Volume 3 (2020) Issue 1 No.3 Pages 11-17
By evaluating risks of late mortality and causes of death among long-term survivors after autologous hematopoietic stem cell transplantation (HSCT) in Japan, we clarified what we should focus on during follow-up to reduce them. The study cohort included 6,780 patients who had survived for≥2 years after the first autologous HSCT performed from 1974 to 2012 for hematological diseases. With a median follow-up of 6.0 years among survivors, overall survival probabilities at 5 and 10 years after HSCT were 92% and 83%, respectively. Eight hundred thirty deaths occurred: 451, recurrent primary diseases; 87, subsequent solid cancers; 57, subsequent hematological malignancies; 55, infections; 41, respiratory diseases; 19, cardiovascular diseases; 15, liver diseases; 10, neurological diseases; and 7, kidney/genitourinary diseases (Except small numbers of other causes and missing). According to the log-rank test, the risk of overall mortality was remarkably increased among HSCT recipients compared with the that in the general Japanese population (observed/expected ratio[O/E]=5.4; 95% confidence interval[CI], 5.0-5.8). The risks of cause-specific mortality increased with infection (O/E=6.8; 95% CI, 5.1-8.8), subsequent solid cancers (O/E=1.4; 95% CI, 1.1-1.7), subsequent hematological malignancies (O/E=14.3; 95% CI, 10.8-18.5), kidney/genitourinary diseases (O/E=3.4; 95% CI, 1.4-7.1), respiratory disease (O/E=9.0; 95% CI, 6.5-1.2), and liver diseases (O/E=2.6; 95% CI, 1.4-4.2). Long-term survivors after autologous HSCT are at an increased risk of death due to secondary cancers, infections, and any organ diseases as well as recurrence compared to the general population. When monitoring these patients in the outpatient clinic, it is important for physicians to predict a change in the patient's condition and to start treatment earlier.
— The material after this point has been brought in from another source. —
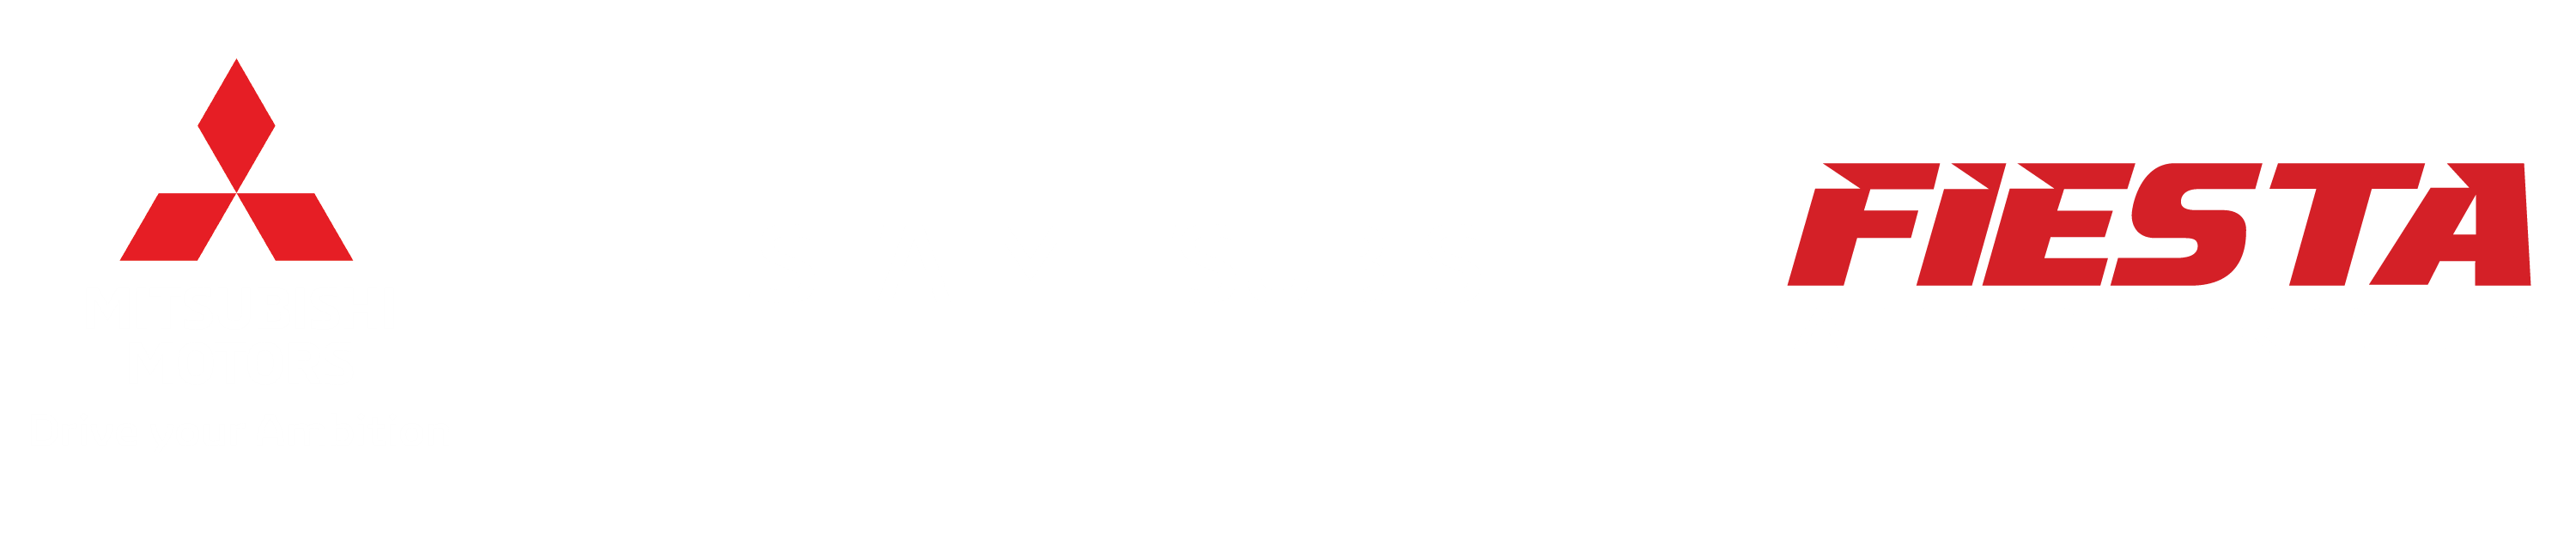 Fiesta Mitsubishi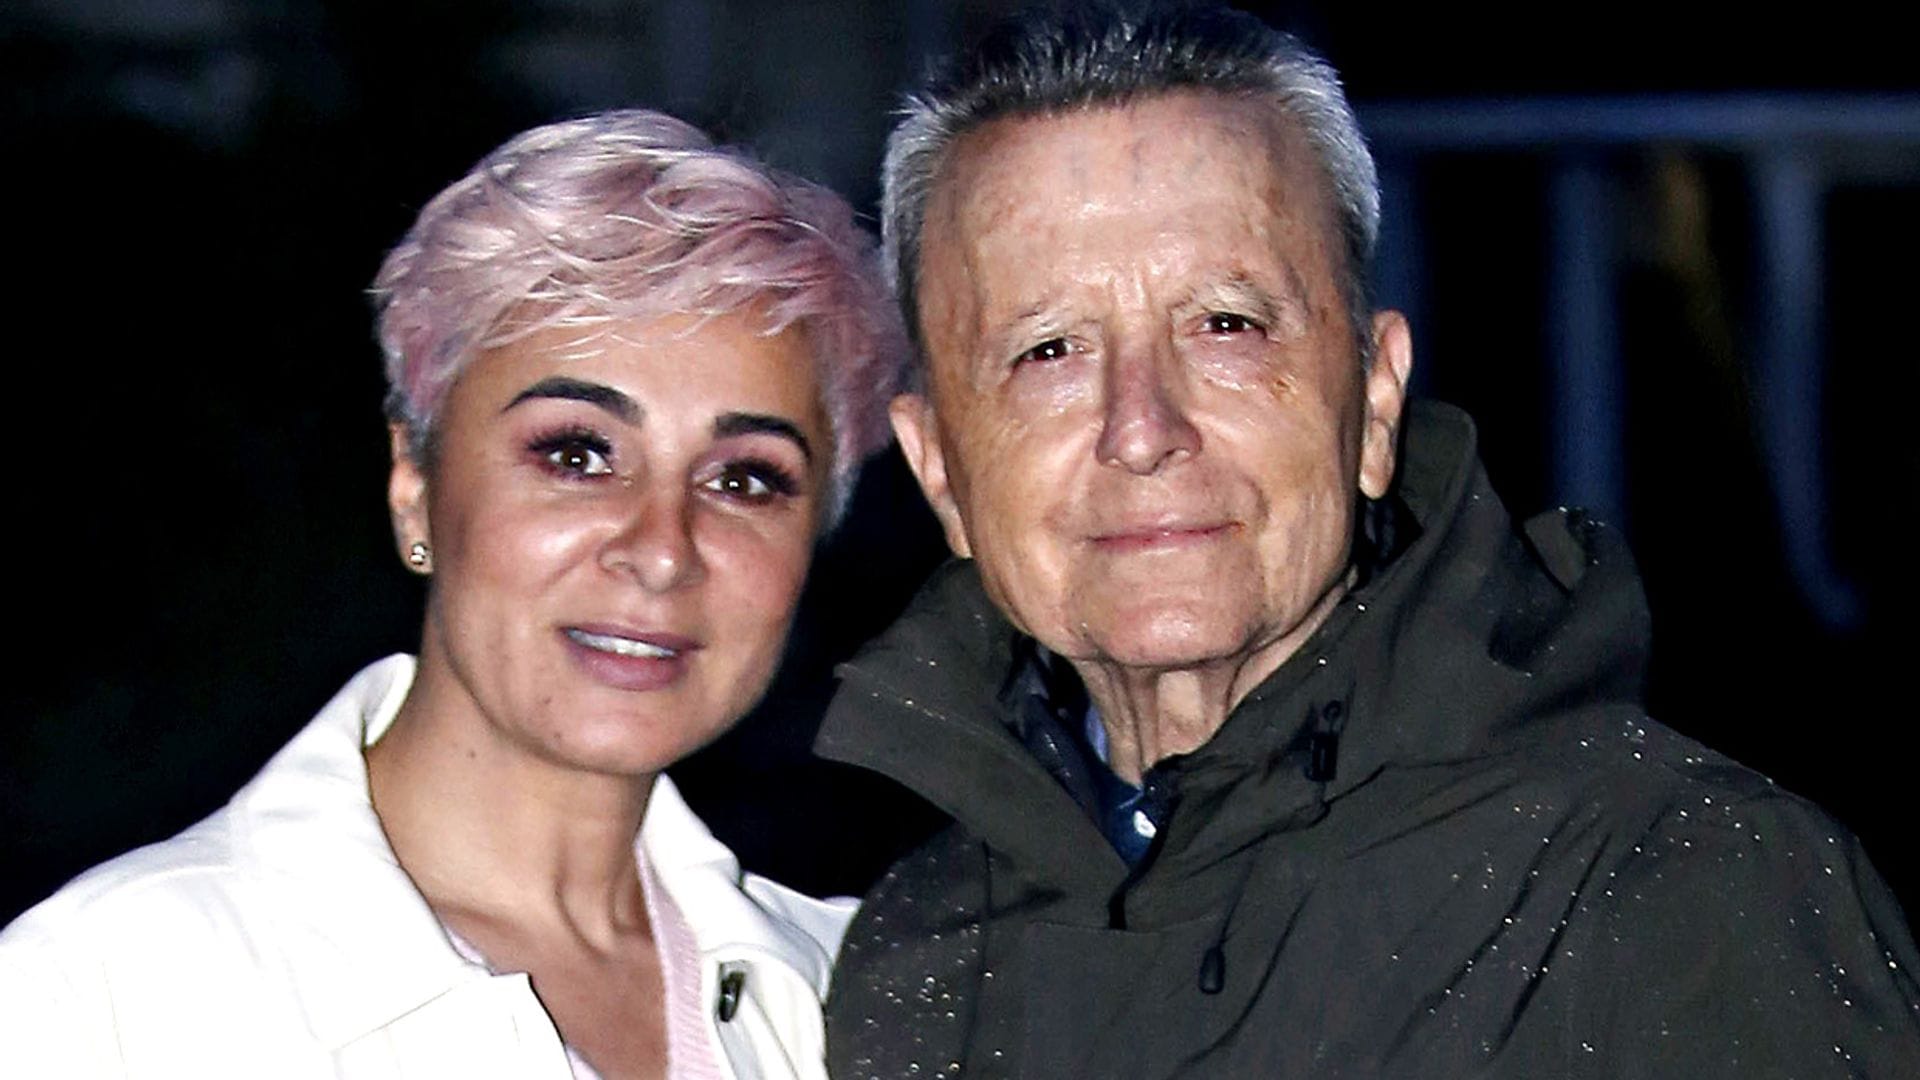 El claro mensaje de José Ortega Cano a su mujer, Ana María Aldón: 'Te amo, vamos a querernos y juntarnos'

The number of autologous hematopoietic stem cell transplantation (HSCT) is continuously increasing1, and the proportion of long-term survivors after HSCT is expected to increase with the advancement of transplantation and other medical techniques. The risk of developing diseases after autologous HSCT is high in survivors compared to that in the general population owing to damage caused to body organs by consumption of numerous drugs for conditioning chemotherapy and prevention and treatment of complications, primary diseases, which necessitated HSCT, and HSCT itself, although patients with malignant diseases do not experience recurrence. In this study, we evaluated the risks of late mortality and causes of death among long-term survivors after autologous HSCT in Japan and identified important guidelines for predicting and reducing the occurrence of late complications in the out-patient clinic.
Patients and Methods
Patients and data collection
The patient clinical data were collected by the Japan Society for Hematopoietic Cell Transplantation (JSHCT) /Japanese Data Center for Hematopoietic Cell Transplantation (JDCHCT) using the Transplant Registry Unified Management Program (TRUMP) 2,3. The study cohort included 6,780 patients characterized by progression- free survival for≥2 years after the first autologous HSCT, performed from 1974 to 2012 for hematological diseases. This study was approved by the data management committees of the JSHCT and by the institutional review board of the Ethical Committee of Aichi Medical University. JSHCT/JDCHCT observational research protocol requires written informed consents from patients for use of their data for research purposes. Opt-out was permitted, in accordance with the Ethical Guidelines, for patients who received HSCT before May 2017, and those who declined permission for participation in research were not included in the study.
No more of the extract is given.